§ Problem
From first line to last, copy the listing exactly and omit its pictures.

§ Data below
::::::

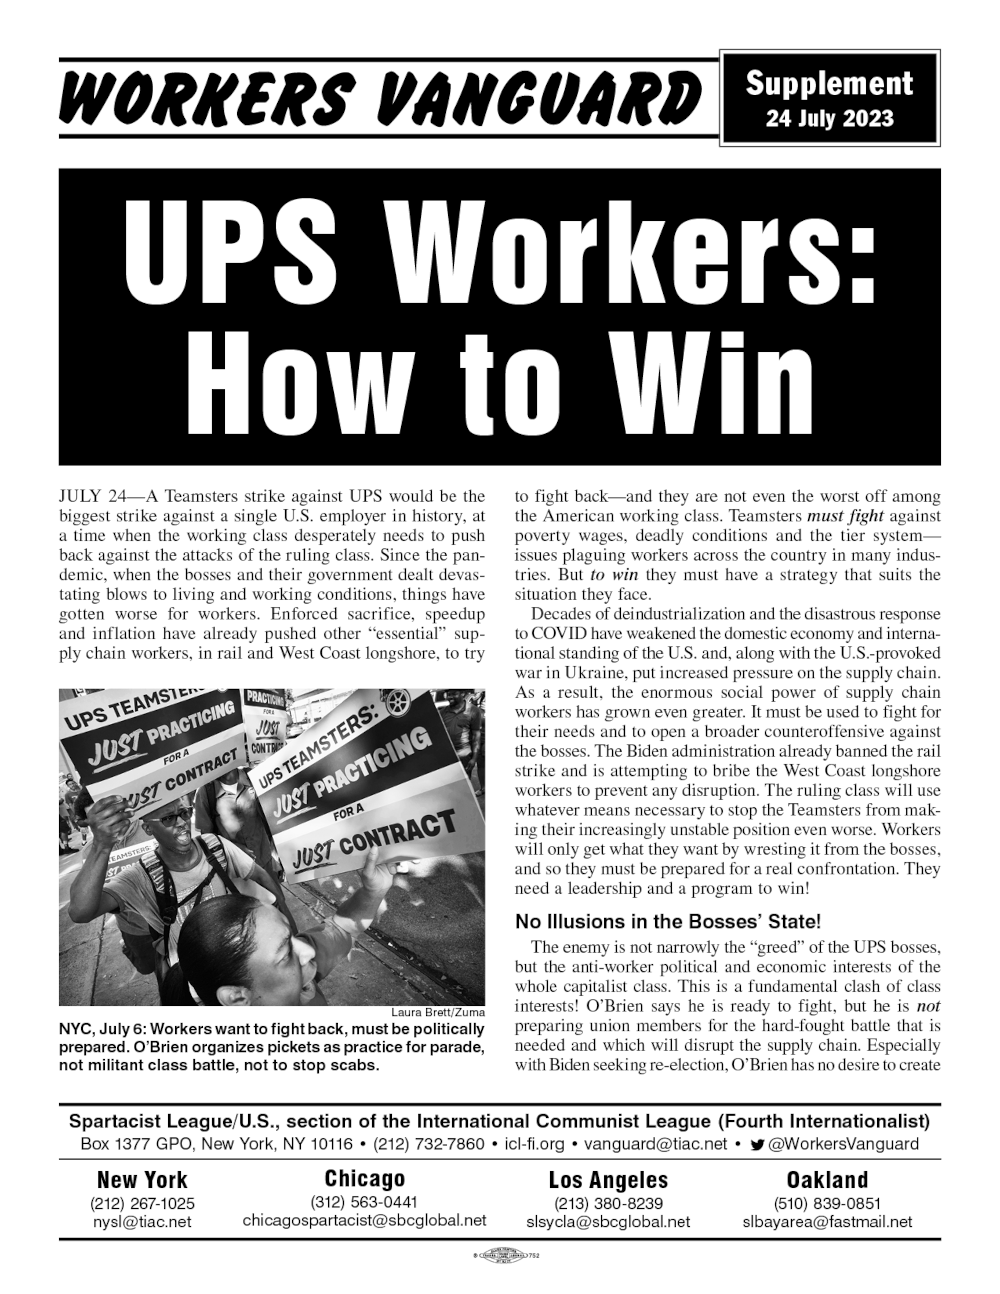 UPS Worker: How to Win  |  24 ביולי 2023
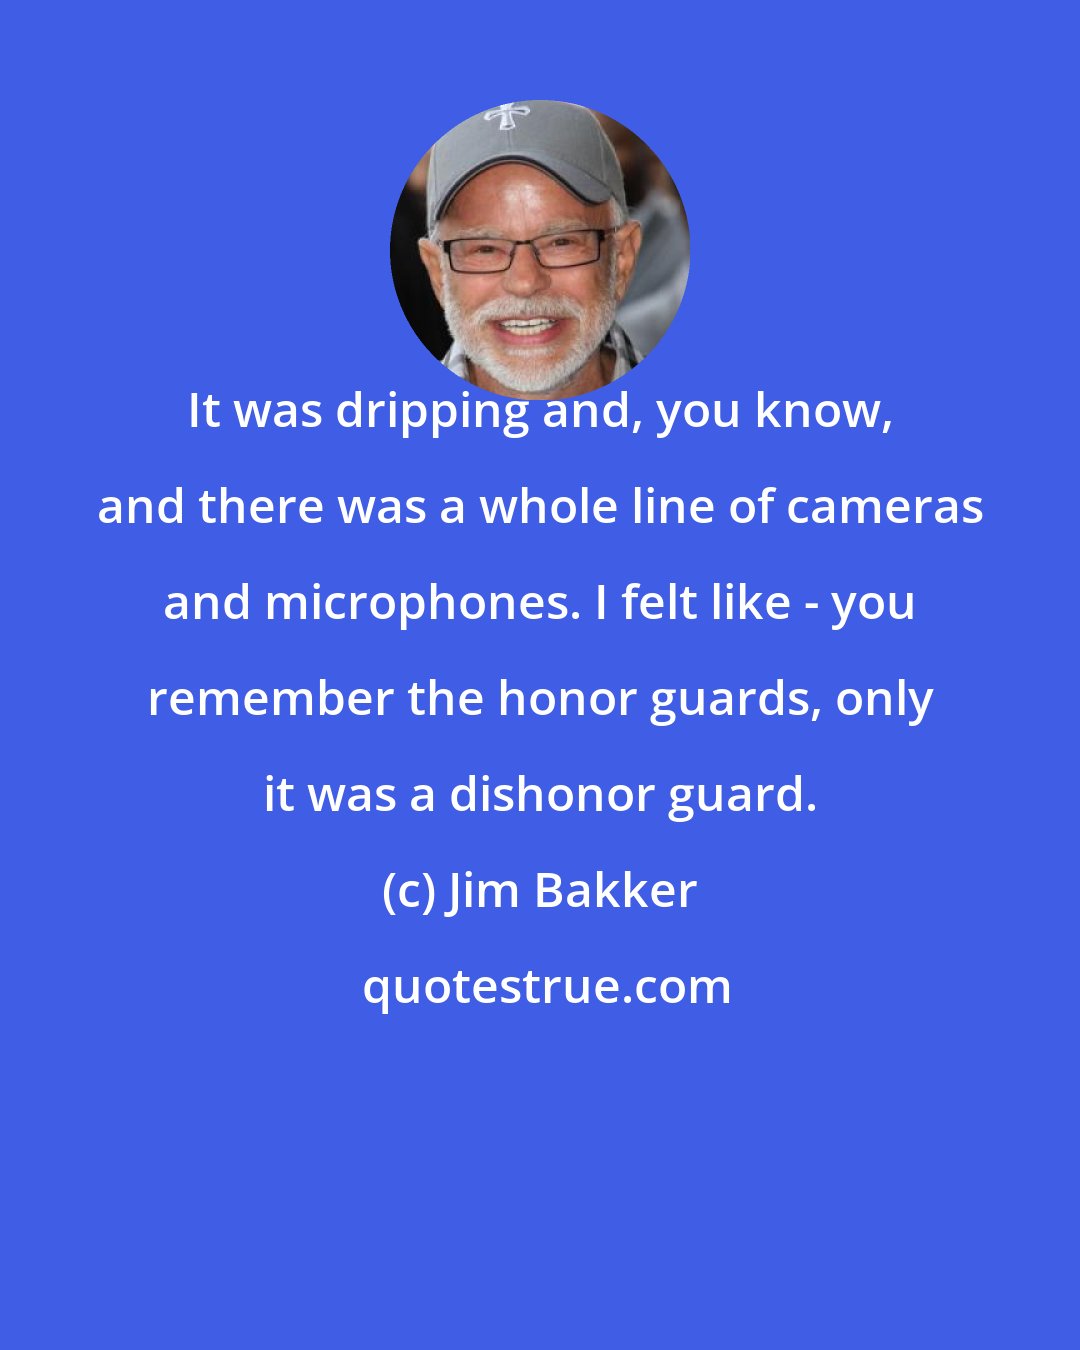 Jim Bakker: It was dripping and, you know, and there was a whole line of cameras and microphones. I felt like - you remember the honor guards, only it was a dishonor guard.
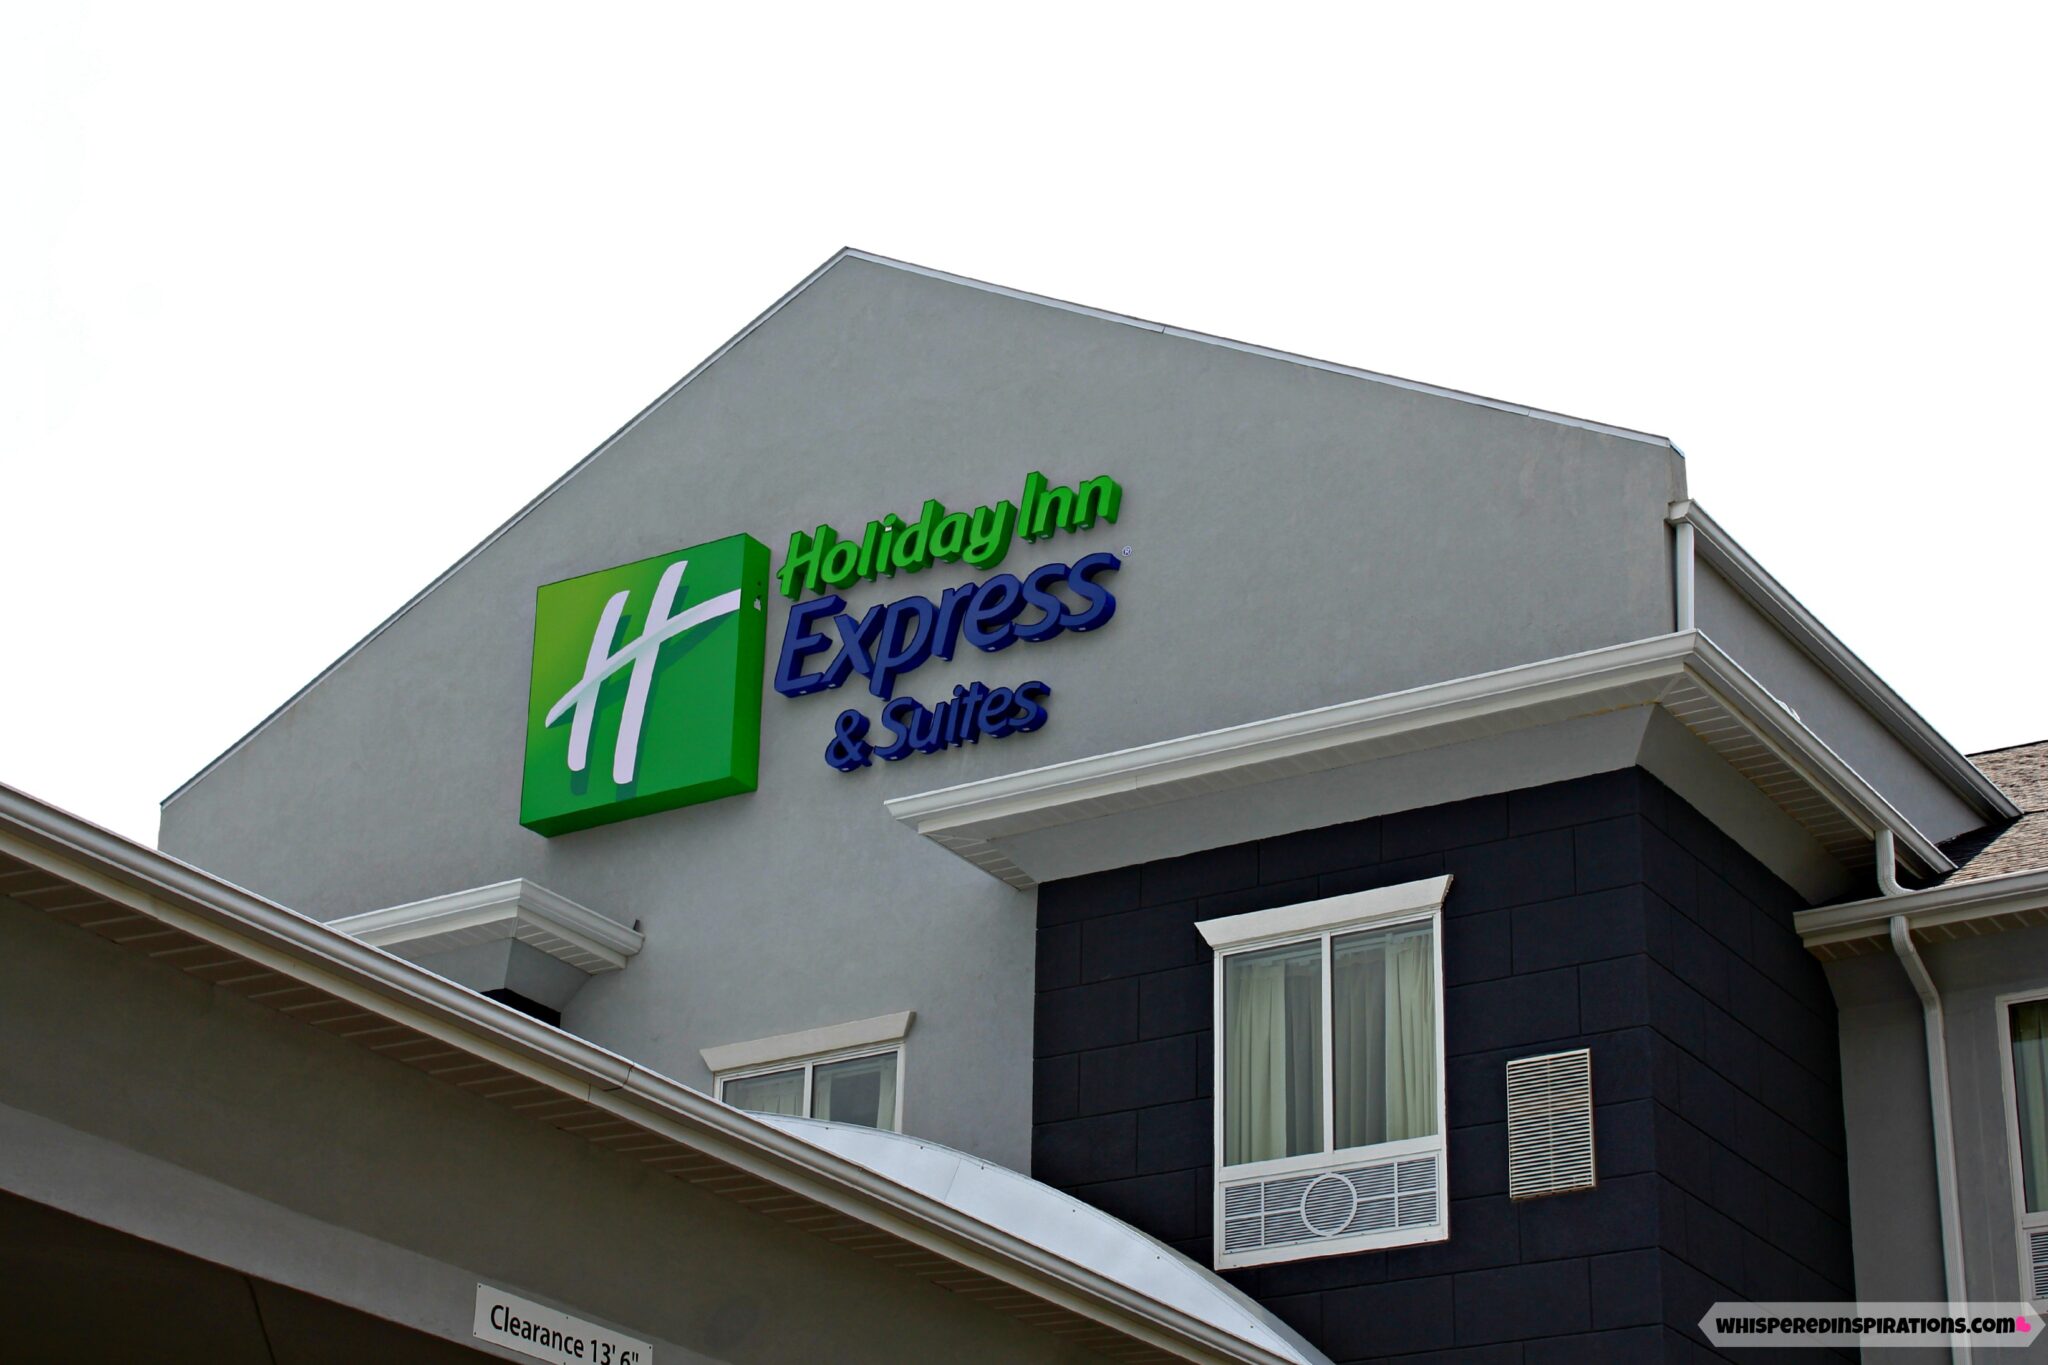 Holiday Inn Express & Suites: Check Out This Beautiful Gem in Fremont, Ohio! Stay Inspired, Get Refreshed and Relax with Your Family at the Holiday Inn Express! #travel
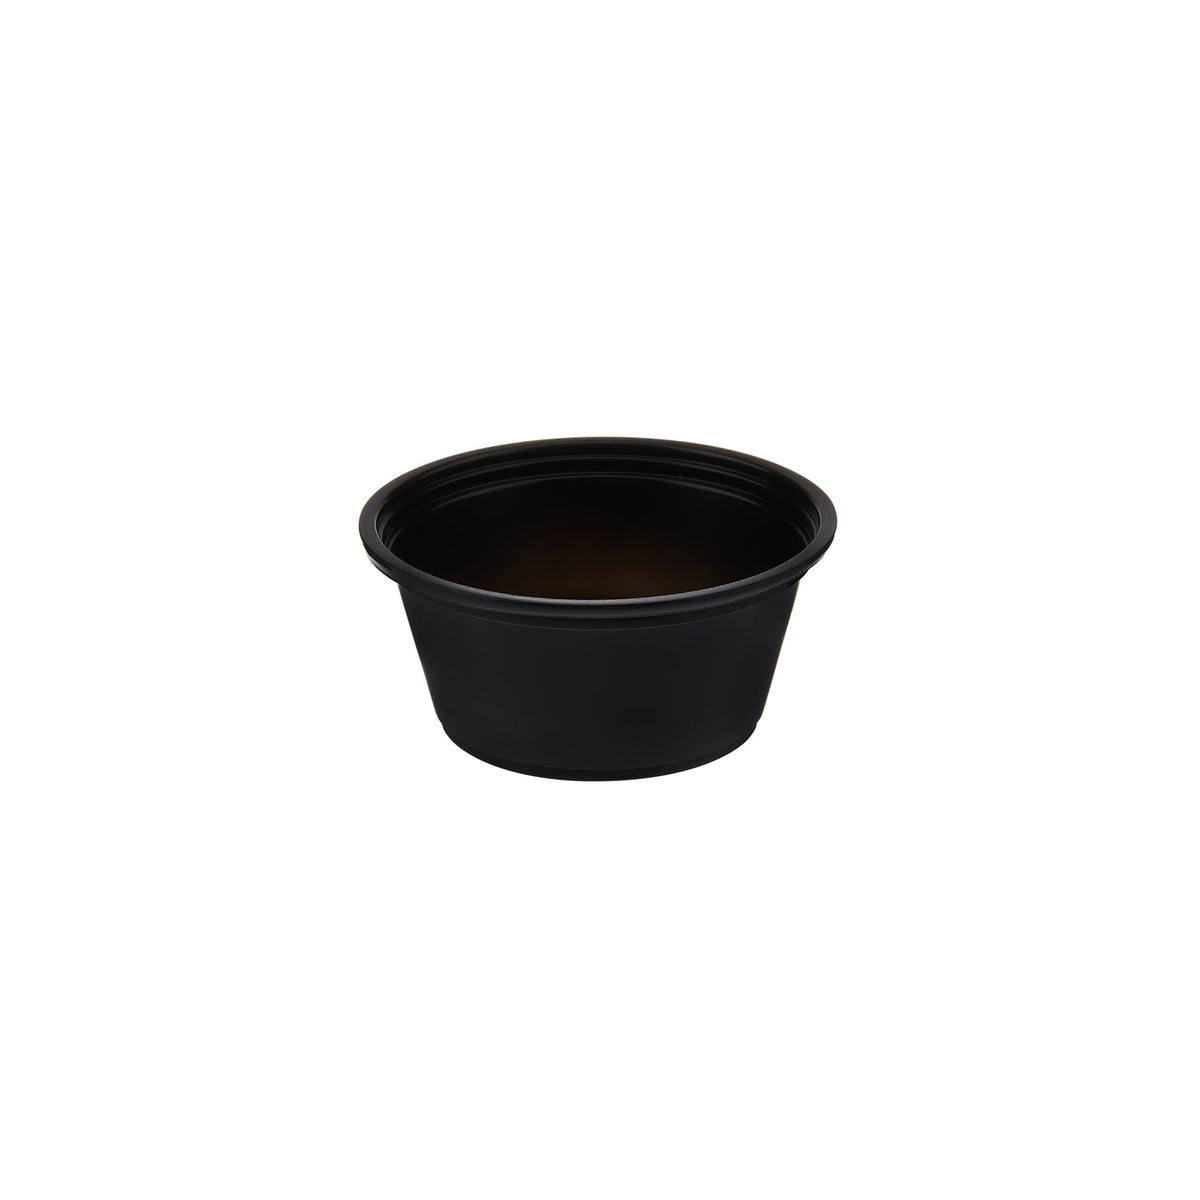 2500 Pieces 3 Oz Black Portion Cup With Clear Lid 80 CC

::::::

§ Exercise solution
 UPS Worker: How to Win  |  24 ביולי 2023
 Jim Bakker: It was dripping and, you know, and there was a whole line of cameras and microphones. I felt like - you remember the honor guards, only it was a dishonor guard.
 Holiday Inn Express & Suites: Check Out This Beautiful Gem in Fremont, Ohio! Stay Inspired, Get Refreshed and Relax with Your Family at the Holiday Inn Express! #travel
 2500 Pieces 3 Oz Black Portion Cup With Clear Lid 80 CC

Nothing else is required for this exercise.